Storm and fair-weather driven sediment-transport within Poverty Bay, New Zealand, evaluated using coupled numerical models

Abstract

The Waipaoa River Sedimentary System in New Zealand, a focus site of the MARGINS Source-to-Sink program, contains both a terrestrial and marine component. Poverty Bay serves as the interface between the fluvial and oceanic portions of this dispersal system. This study used a three-dimensional hydrodynamic and sediment-transport numerical model, the Regional Ocean Modeling System (ROMS), coupled to the Simulated WAves Nearshore (SWAN) wave model to investigate sediment-transport dynamics within Poverty Bay and the mechanisms by which sediment travels from the Waipaoa River to the continental shelf.Two sets of model calculations were analyzed; the first represented a winter storm season, January–September, 2006; and the second an approximately 40 year recurrence interval storm that occurred on 21–23 October 2005. Model results indicated that hydrodynamics and sediment-transport pathways within Poverty Bay differed during wet storms that included river runoff and locally generated waves, compared to dry storms driven by oceanic swell. During wet storms the model estimated significant deposition within Poverty Bay, although much of the discharged sediment was exported from the Bay during the discharge pulse.

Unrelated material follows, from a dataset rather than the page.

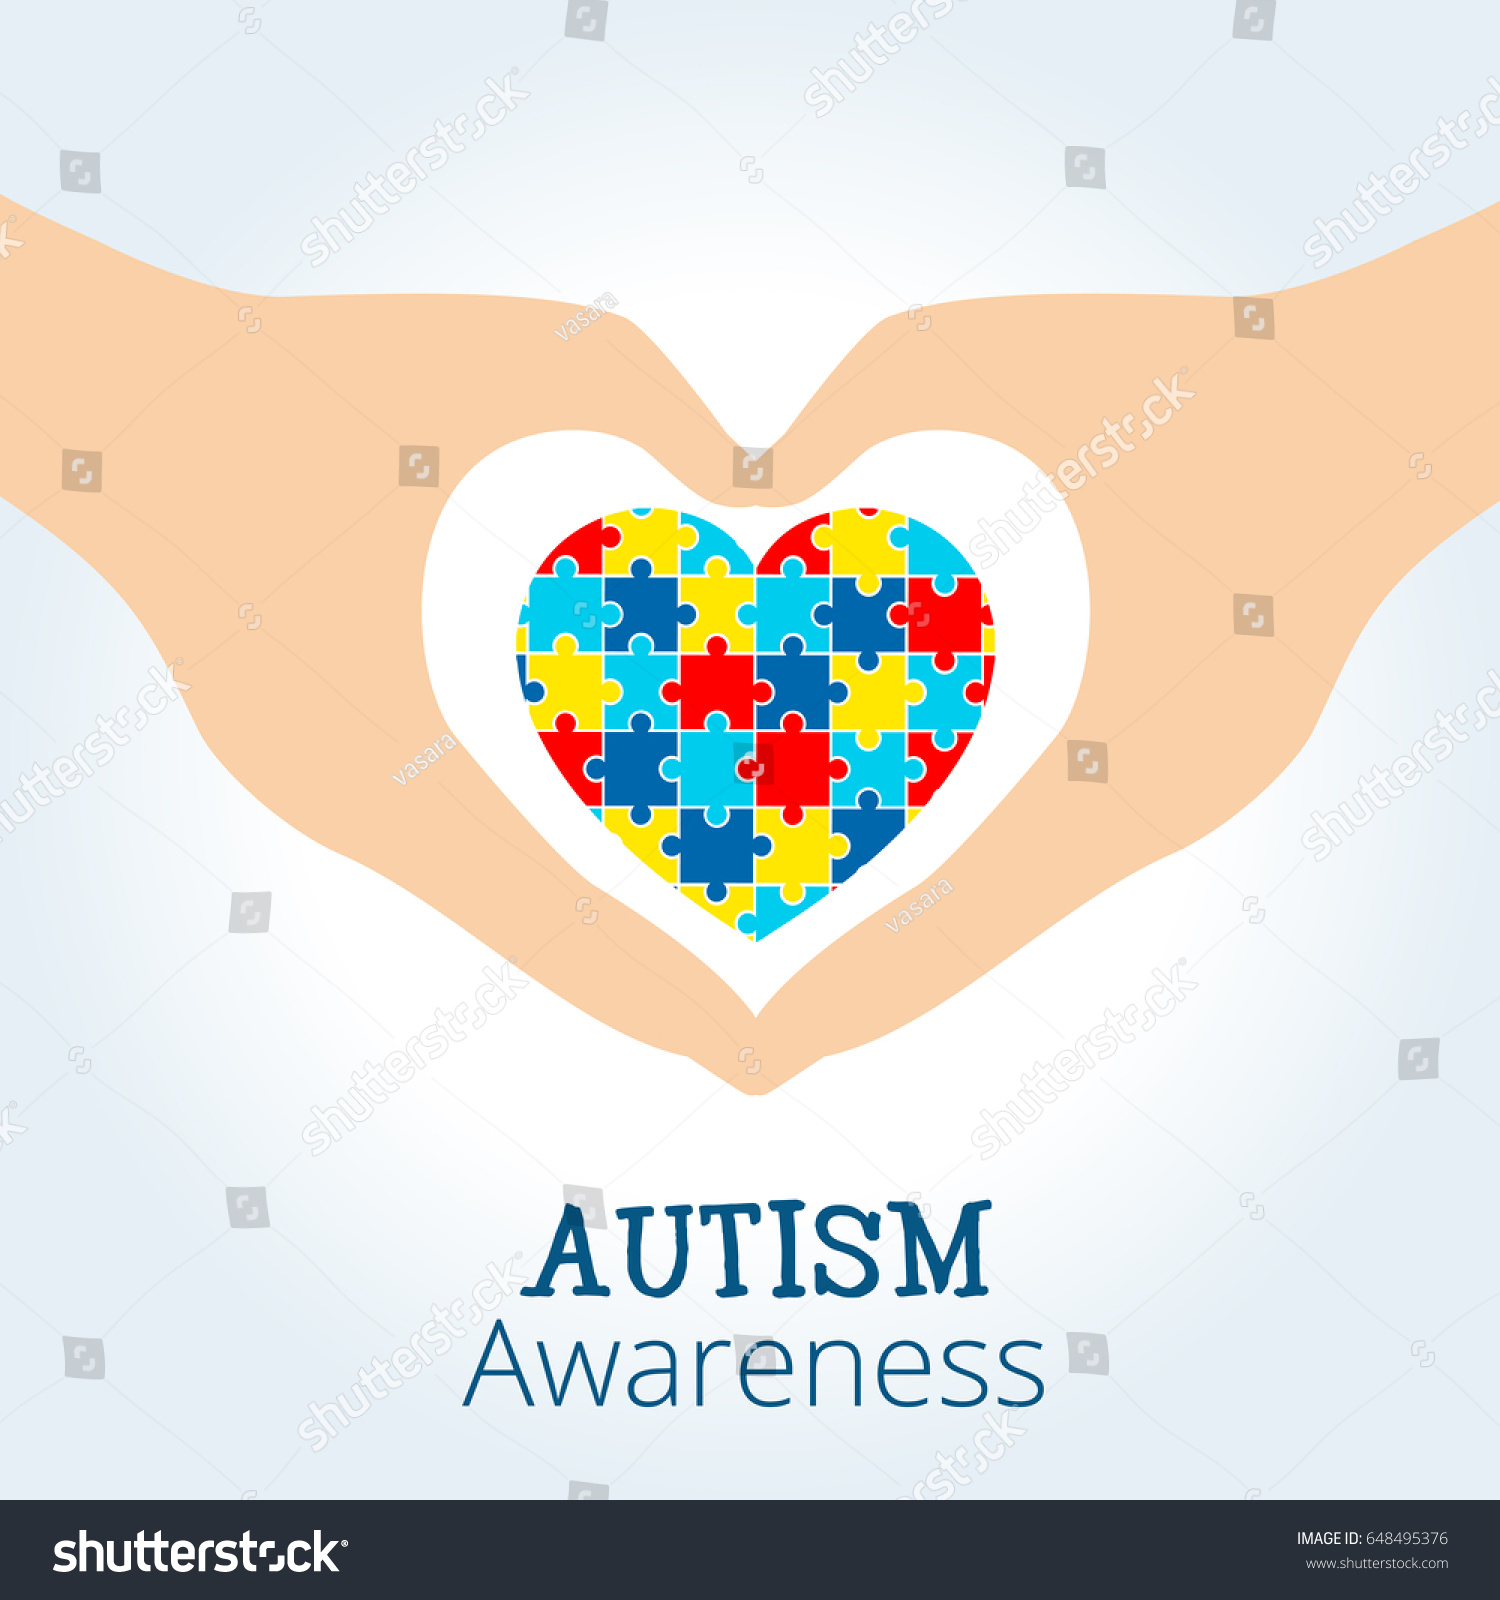 autism awareness concept heart puzzle pieces stock vector

Later resuspension events generated by Southern Ocean swell reworked and modified the initial deposit, providing subsequent pulses of sediment from the Bay to the continental shelf. In this manner, transit through Poverty Bay modified the input fluvial signal, so that the sediment characteristics and timing of export to the continental shelf differed from the Waipaoa River discharge. Sensitivity studies showed that feedback mechanisms between sediment-transport, currents, and waves were important within the model calculations.